I don't know of anything really "weird" other than abandoned homesteads, pot grows, trash dumping, etc. Though I'm sure something will come to me.
 
Cool idea for a topic, BSS! This could be a fun topic! :)

Many, many, many years ago -- back when I was a little central-Californian kid -- we were on some day-trip road-exploring somewhere in the Sierras and came upon a weather balloon that had come down and was hanging in tatters from the trees. I remember my dad and my uncle took turns swinging on the strips of material, way out from the slope -- it was a big balloon!
That's not really weird -- just unusual.

I'm sure that Members from southern latitudes must have come across at least the occasional extraterrestrial spacecraft out in the boonies of southern California/Nevada/Arizona/New Mexico. I mean, those e.t. guys are pretty sharp, but they must crash once in a while...maybe if they run out of fuel.
 
Pictures exist, but I'll be darned if I can find them. How about a 1/2 dozen or so Skillsaw blades stuck into trees at the 8'-12' mark? It was somewhat of a fluke that I hadn't to even notice them. I've been up and down that road many times and never noticed them, yet they're rusty enough to have been there a while.

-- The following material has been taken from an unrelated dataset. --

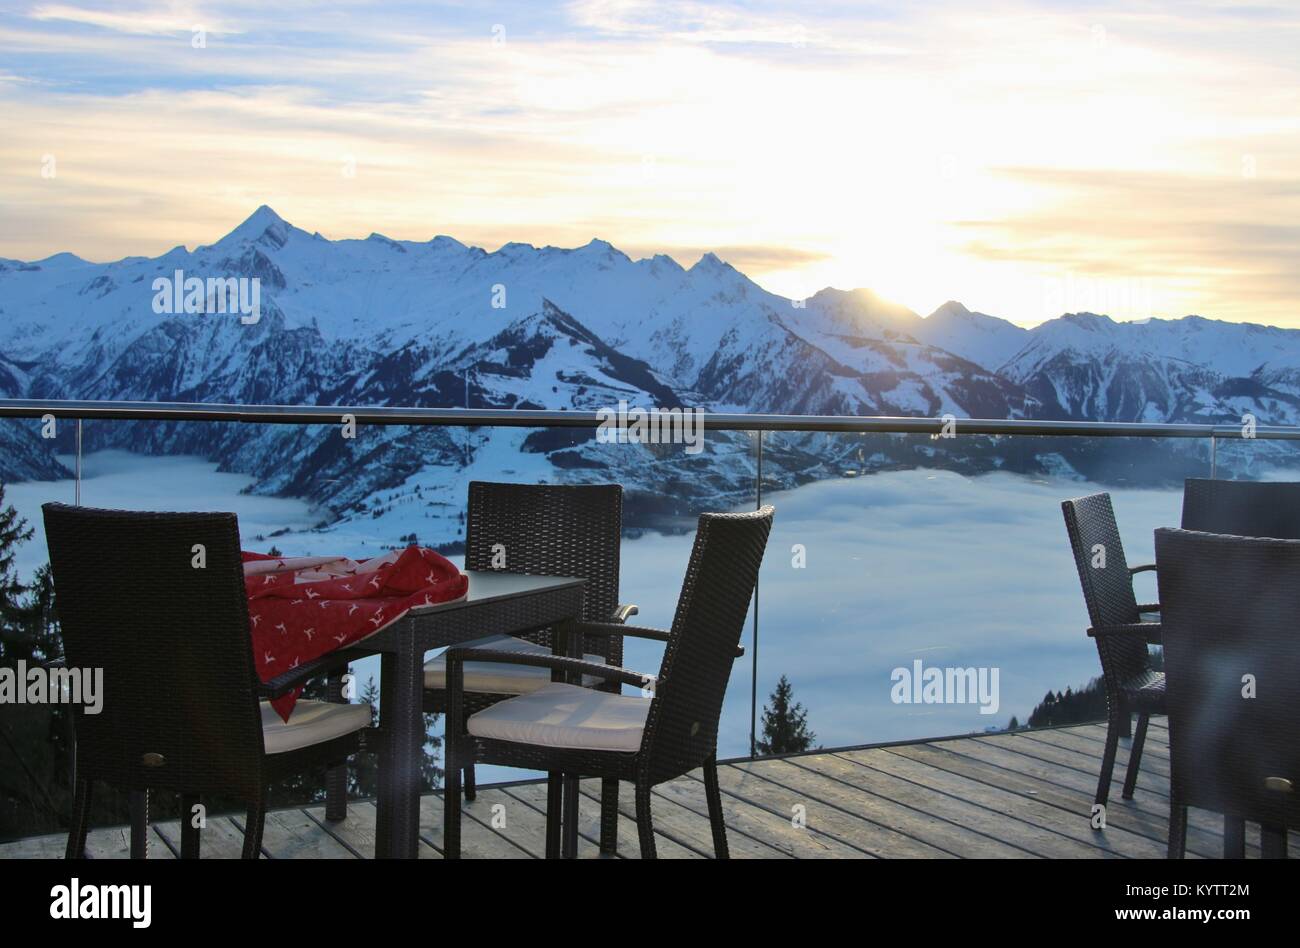 Chairs on a cafe terrace in the mountains and view of the Hohe Tauern mountain range in the region Zell am See - Kaprun, in winter. Austria, Europe. Stock Photo

EDIT: Just realized where a photo or photos should have been and found one.

Hi-SpeedImpact.jpg
 
:LOL:

One of the neatest things I ever saw where two lead wild stallions fighting with each other over some territory. Several years ago, I was leading what we used to call an "adventures in Past/know and enjoy your Public lands" tour up in the Smoke Creek/Shinn Ranch country; we used to regularly (depending on weather) do these tours to show the public what was out on their "Public Lands" and how to use it and not abuse it. Anyway we are bouncing along out there and I came around a corner and low a behold right in front of me were two stallions in a face off-bluffing and snorting with each other. I stopped my rig and the vehicles behind me and everyone got out and started taking pictures. I knew that one of the herds was the resident herd ( I had seen the lead stallion { he was well know in the area and was really big and powerful-the type of horse that they make movies about] and his herd before )and it was was obvious that this was a new bunch that was was trying to move into their area. Each stallion had his second in command behind him-like ready to step in if help was needed (or probably take over), with the rest of each ones herd sort of bunched out behind them with the mares and colts all sort of watching. The boundary was the 4x4 road-you could tell by the piles of horse crap. They actually started to fight-like in the movies. In all my years I had -as had the rest of the tour- never ever seen anything like this. The challenger eventually gave up and led his family group away as the resident stallion did his victory dance! I was accused of setting it up because nothing like that ever happens when you are out there! I've been chased and challenged by horses before when I entered their territory on foot or with my dog, but this something else. Lot's of things to see out there and was so lucky to see this.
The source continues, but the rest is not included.